Серафим, которого тормошил Темляков, спал, выставив глиняный нос, дыхание его было ровным и спокойным. Лошадь, казалось, тоже дремала, кокетливо подогнув опять заднюю ногу и подвернув копыто. Сквозь коричневую грязь опять поблескивала стертая подкова.
Ничто не могло разбудить Серафима! Ни мольбы, ни крики, ни просьбы, ни слезы, ни ругань. Все было напрасно.
Николаша плакал с подвыванием. Плакала и Дуняша, прижимая сына. А Темляков никак не мог сдвинуть с места маленькое, но тяжелое, словно намагниченное тело Серафима. Пыхтя тянул он его, толкал, но вместо того, чтобы сдвинуть маленького человечка, сдвигал телегу, а с телегой и лошадь, которая терпеливо переступала с ноги на ногу и опять замирала в кокетливой позе.
Наконец он справился, перекатил Серафима, приткнул его головой к чемоданам, прикрыл ему лицо от дождя краем брезента, пристроился на облучке, взял в руки тяжелые вожжи, с оттяжкой шлепнул ими по лошадиному крупу, чмокнул, подражая Серафиму, и лошадь, к его удивлению, неохотно пошла, послушалась.
— Но-о-оо! — кричал на нее Темляков, растерявшийся и испуганный не на шутку. — Но-о-о!
Лошадь продолжала идти сонным шагом, безразлично и медленно, не разбирая дороги.

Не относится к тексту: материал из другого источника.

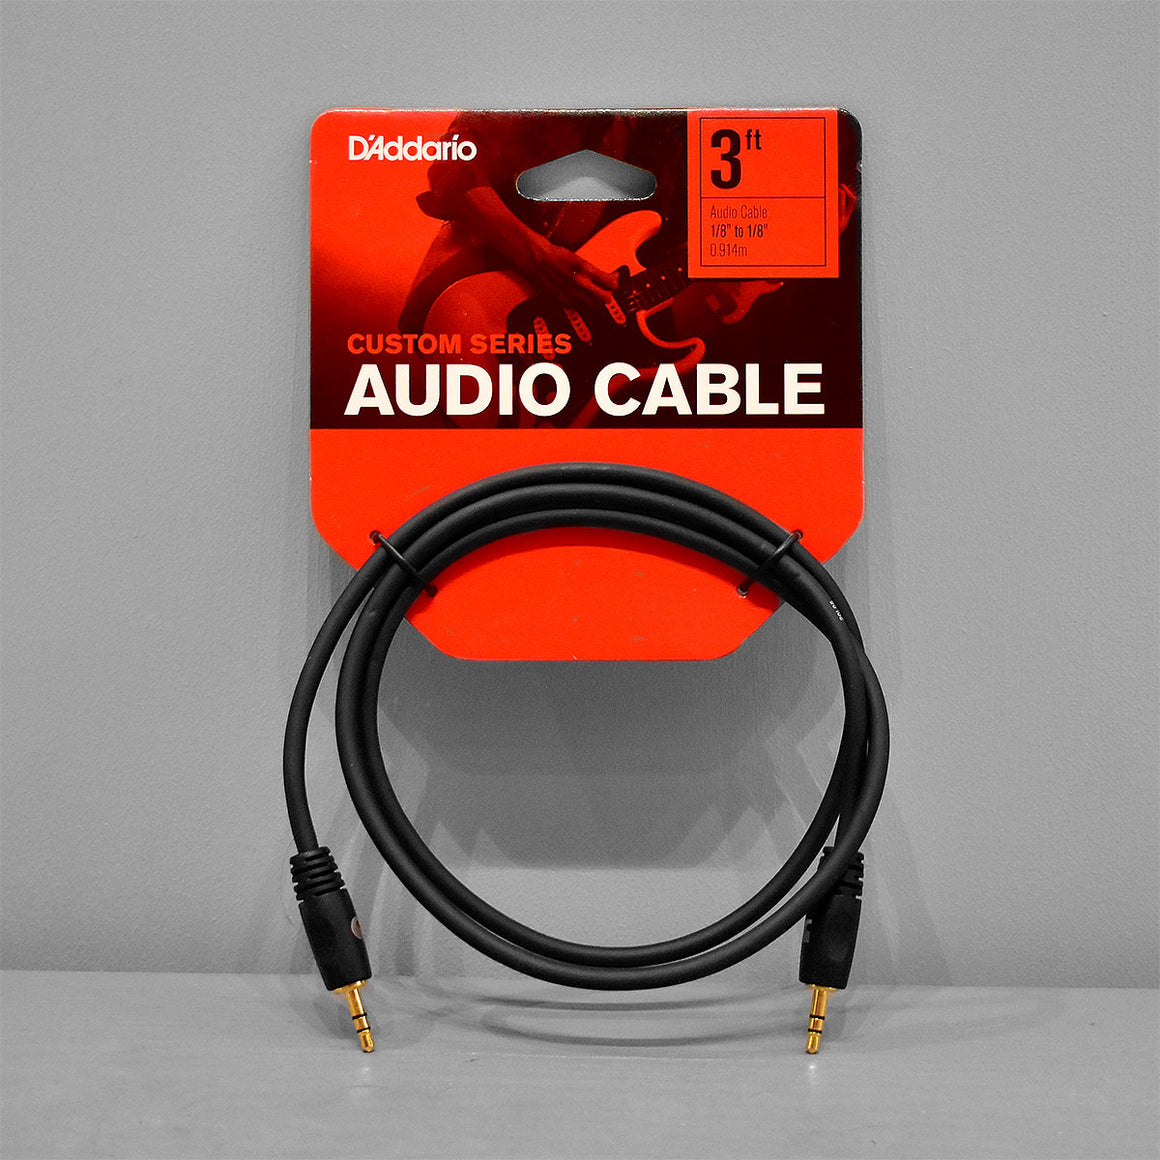 D'Addario Custom Series 1/8" To 1/8" Audio Cable

— Куда ехать-то, черт побери? Во дела! Спросить не у кого!
— Поезжай прямо! — крикнула Дуняша, теряя самообладание. — Он еще спрашивает, куда ехать! Куда ты поедешь, если дорога всего одна. Идиот какой-то!
Темляков увидел страх в глазах Дуняши, понял, что это не она кричит, а ее страх, и тихо отозвался, постаравшись выдавить улыбку:
— Успокойся, пожалуйста. Мы и так, как видишь, едем прямо.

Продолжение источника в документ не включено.